At the same time, AI is a source of concern. Key ethical issues include questions of trust, privacy, bias, accountability, and responsibility. To address these challenges, various efforts are underway to create ethical frameworks aimed at preventing AI from unleashing unforeseen negative consequences. Both national and international initiatives are working to establish principles and safeguards to ensure the responsible use of AI [2]. The artificial intelligence behind ChatGPT is transforming a wide range of industries. According to the Financial Times, OpenAI’s tools are used by around 500 million people each week [3].

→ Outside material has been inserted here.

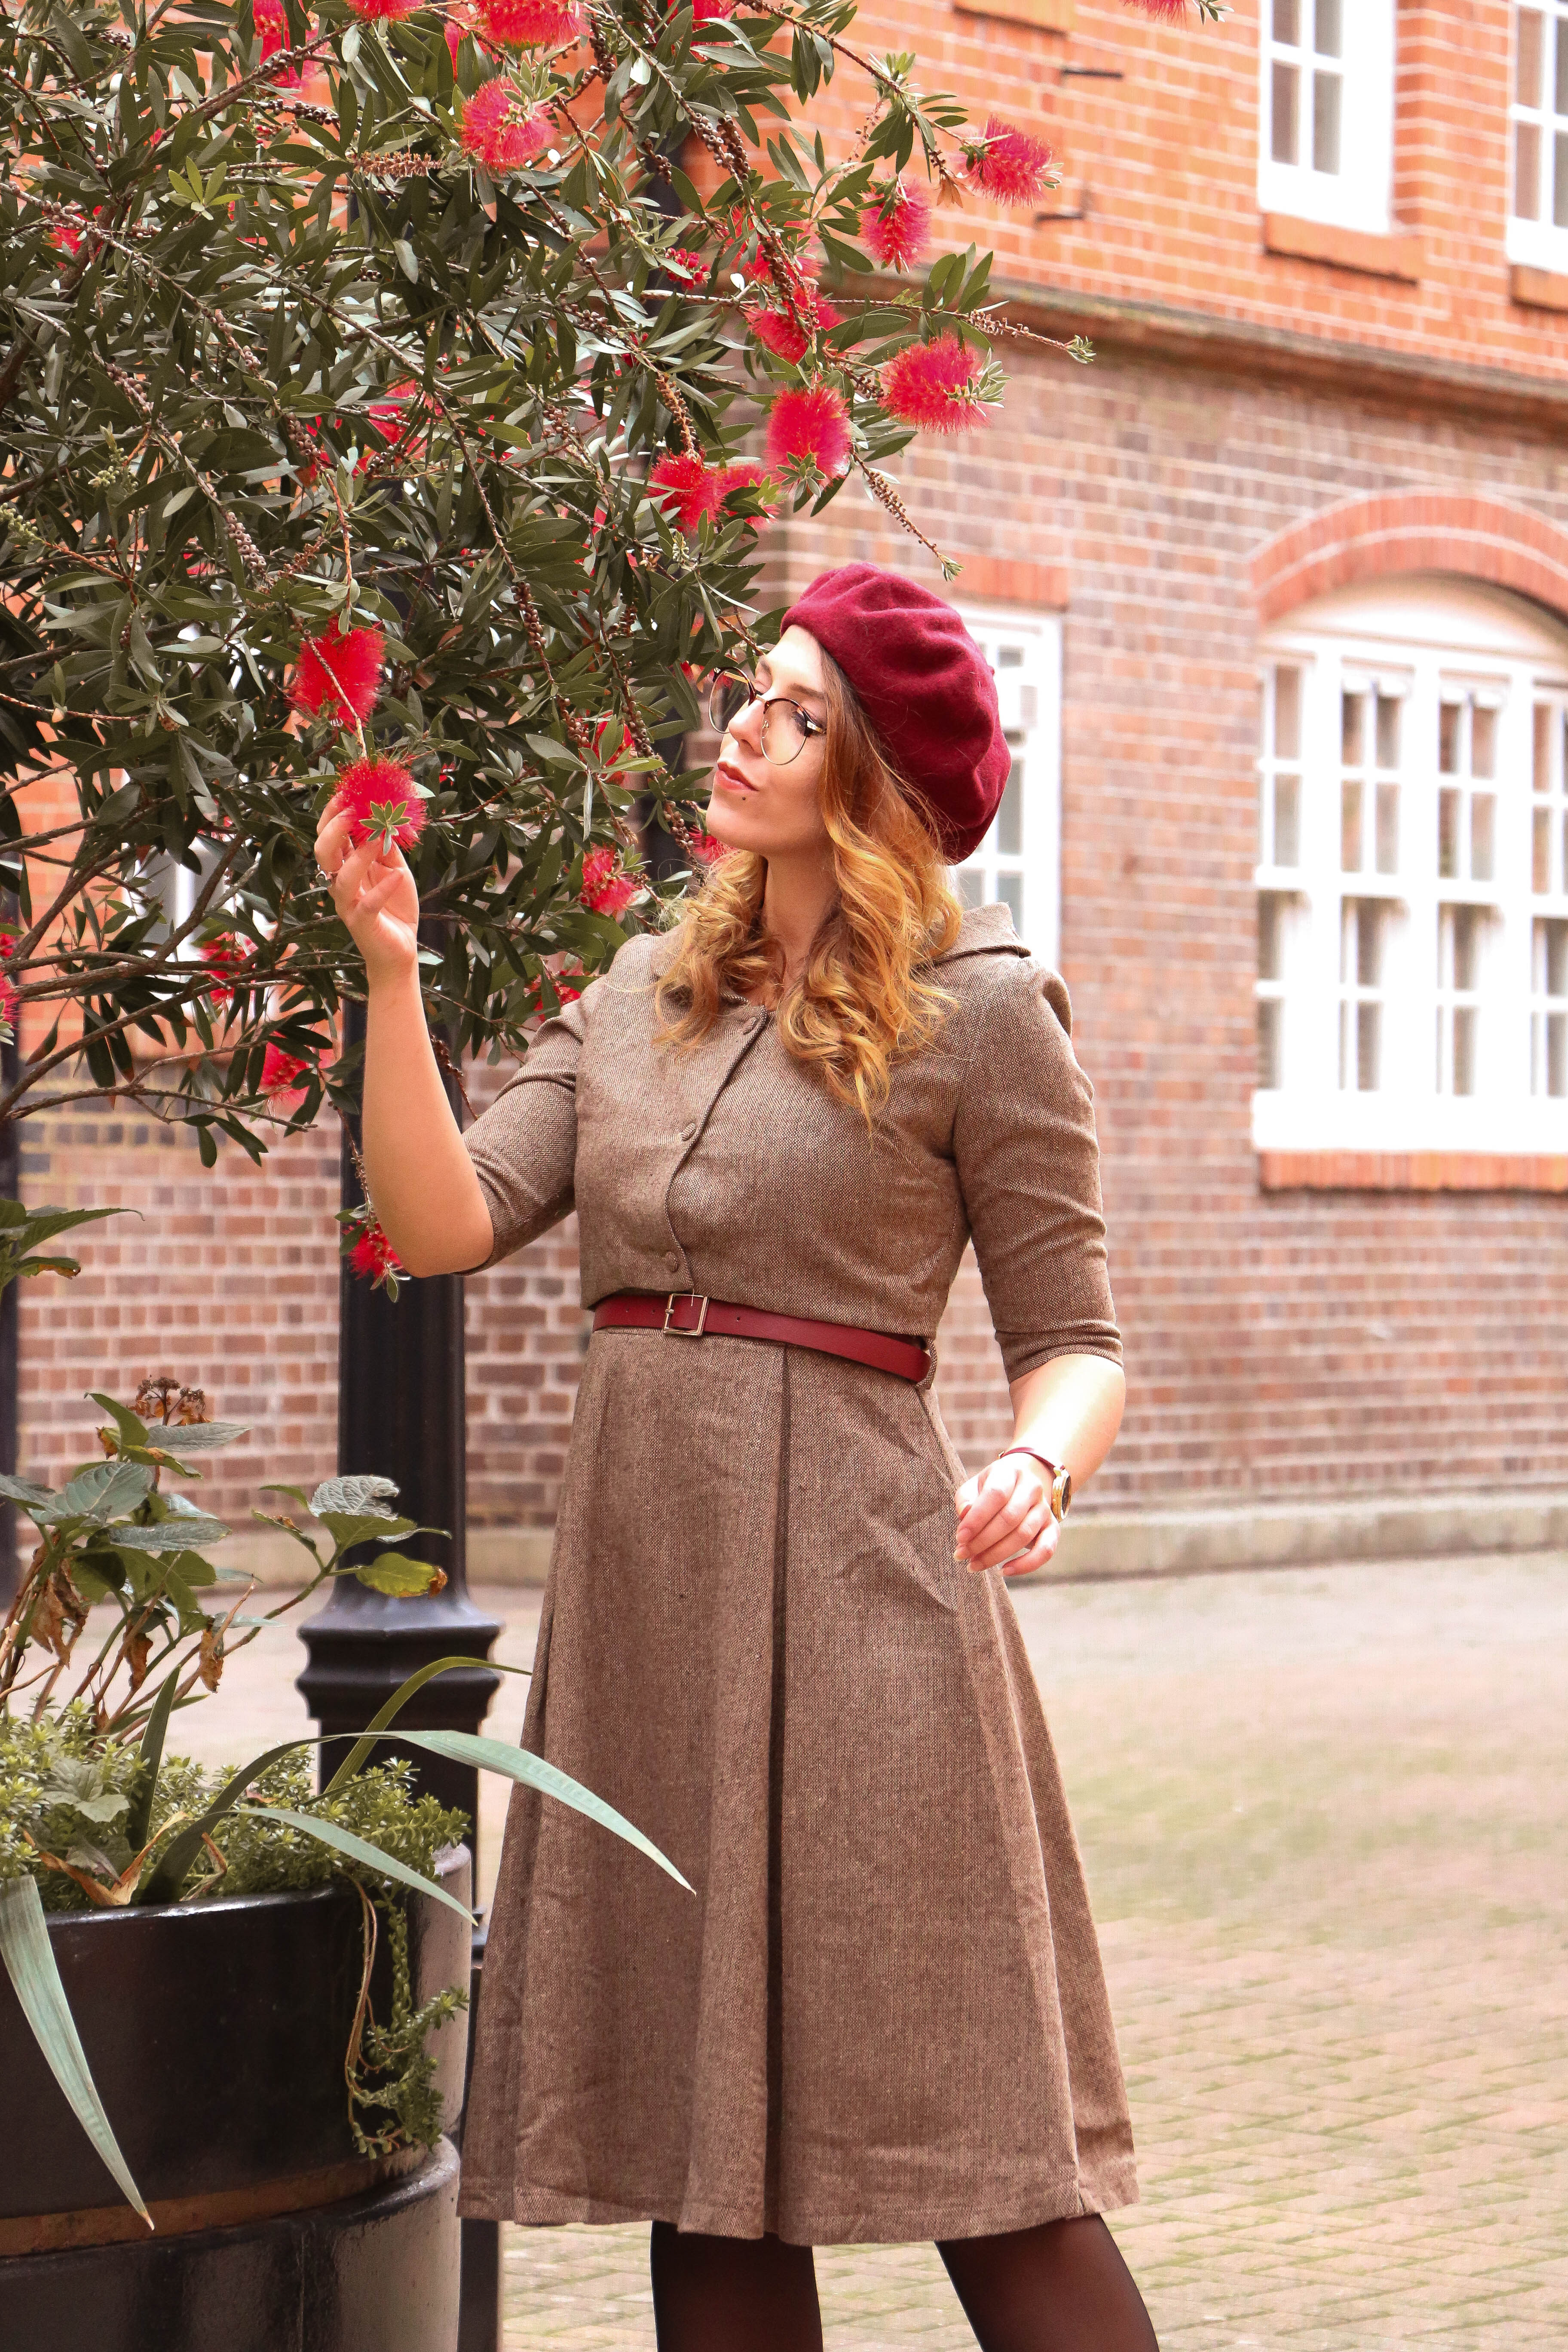 Look londonien vintage Lindy Pop Charlie Sugar Town Londres Pin up blog rétro vintage paris

It has been four years since OpenAI (San Francisco, USA) launched the first version of ChatGPT. During this time, the company has introduced five major releases, along with numerous updates and sub-versions. These analyses included a series of models spanning recent releases: GPT-3.5 (2022), GPT-4 (2023), GPT-4 with tool integration (2023), GPT-4 Turbo (2023), and the GPT-4o, launched in May 2024. This model acquires any combination of text, audio, and image as input and generates any of their combinations. GPT-4o is capable of processing speech, sound, images, and text in real time, while being faster and more cost-efficient than GPT-4 Turbo. It also provides improved multimodal context understanding, emotion recognition, interpretation of images and charts, and supports voice-based interaction.
With the advancement of AI, there is a growing global interest in applying modern AI models in various areas of medicine. In a 2023 study, Kufel et al. found that a previous version of ChatGPT failed to pass the Polish State Specialization Exam (PES) in radiology [4]. Jaworski et al. in May 2024 showed that, after being acquainted with the examination regulations, ChatGPT-4o could reach a passing score on the Medical-Dental Final Examination [5]. A similar occurrence was reported later, in July 2025, when B. Sławinska et al. achieved high effectiveness on the PES ophthalmology examination [6].

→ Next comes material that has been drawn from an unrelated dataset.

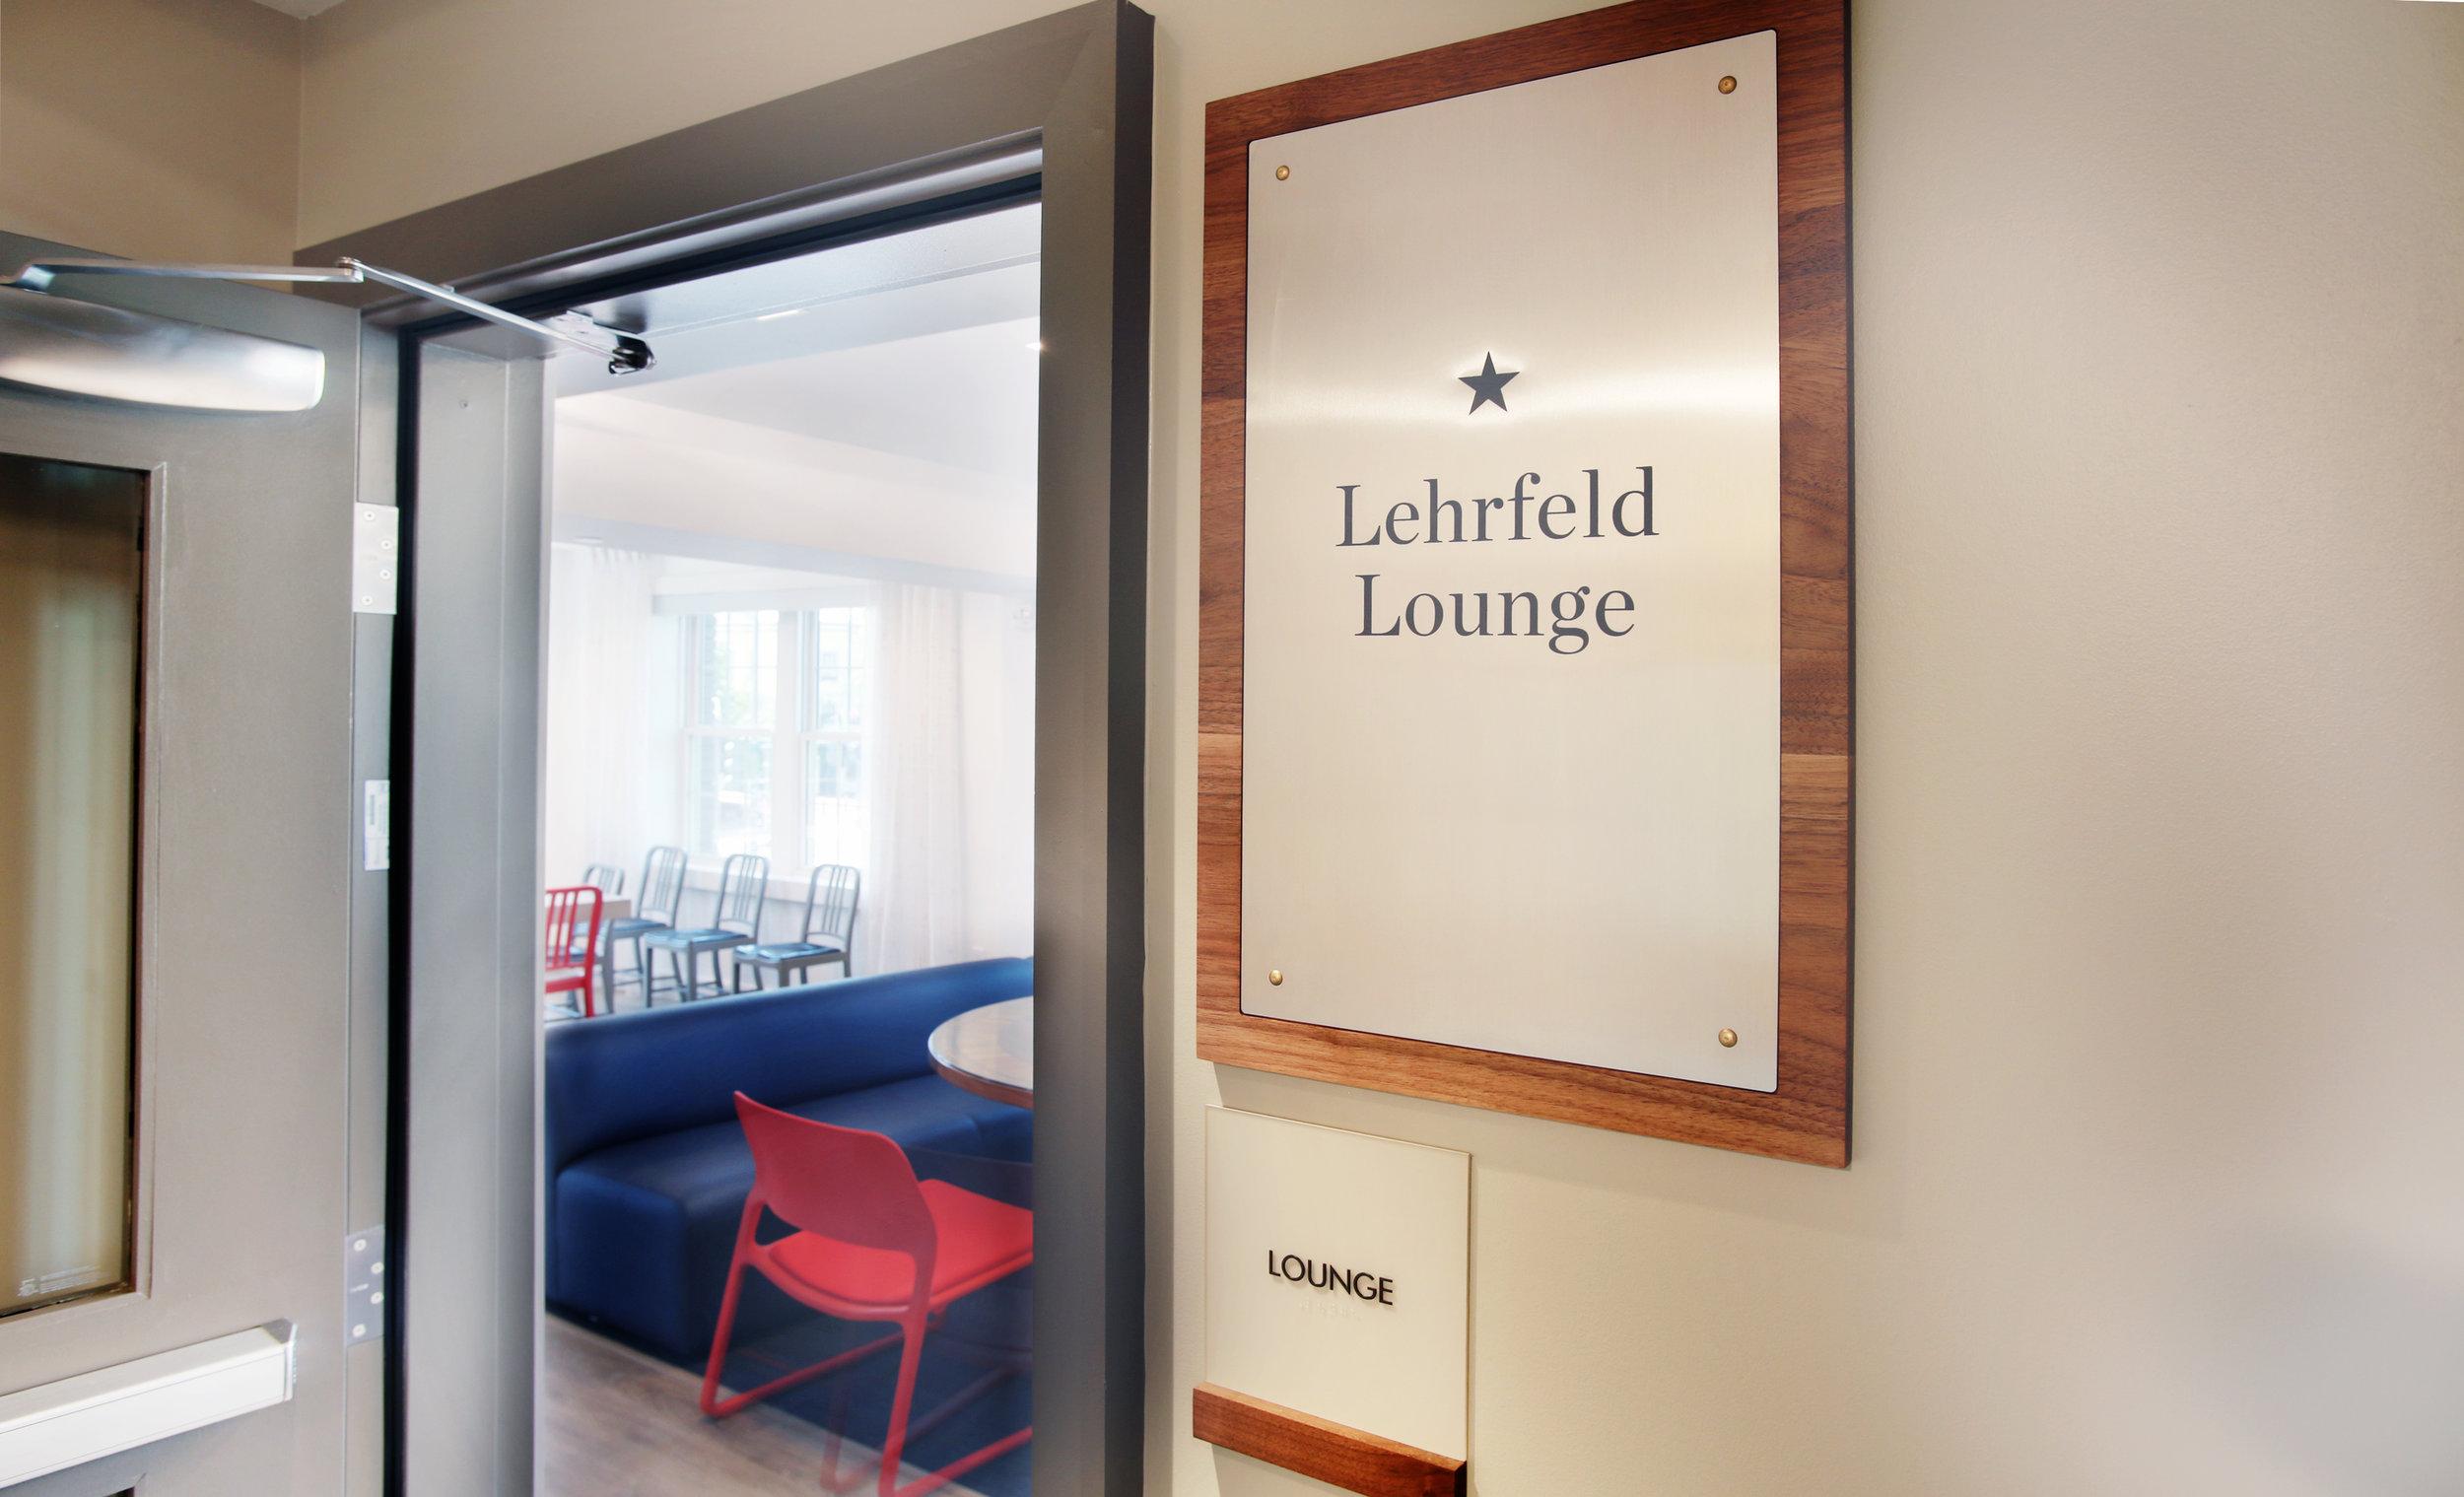 Lehrfeld Lounge 1.jpg

The dynamic evolution of AI, illustrated by OpenAI’s models, highlights the need for continuous monitoring. Responding to rapid changes requires systematic research that captures and reports progress in their development and adaptation into the realities of healthcare operations.
The objective of this study was to assess the performance of the ChatGPT-4o language model on questions from the PES vascular surgery examination, with emphasis on the accuracy of its answers and its self-reported confidence levels. The evaluation was conducted using the official correct answers database of the Medical Examination Center (CEM) in Łódź and by comparing it with the answers generated by ChatGPT [7].
Materials and methods
This study used the GPT-4o model and was performed from the 12th of August to the 18th of August 2025. The study focused on one vascular surgery specialized test from the Spring 2025 that was selected at random from the CEM in Łódź's archive database. The examination questions and their official answers are publicly accessible and readily available. The chosen test had 120 questions with five distractions, each of which had only one right response. The Examination Board did not rule out any of the 120 questions, indicating that they were all in line with what was currently known.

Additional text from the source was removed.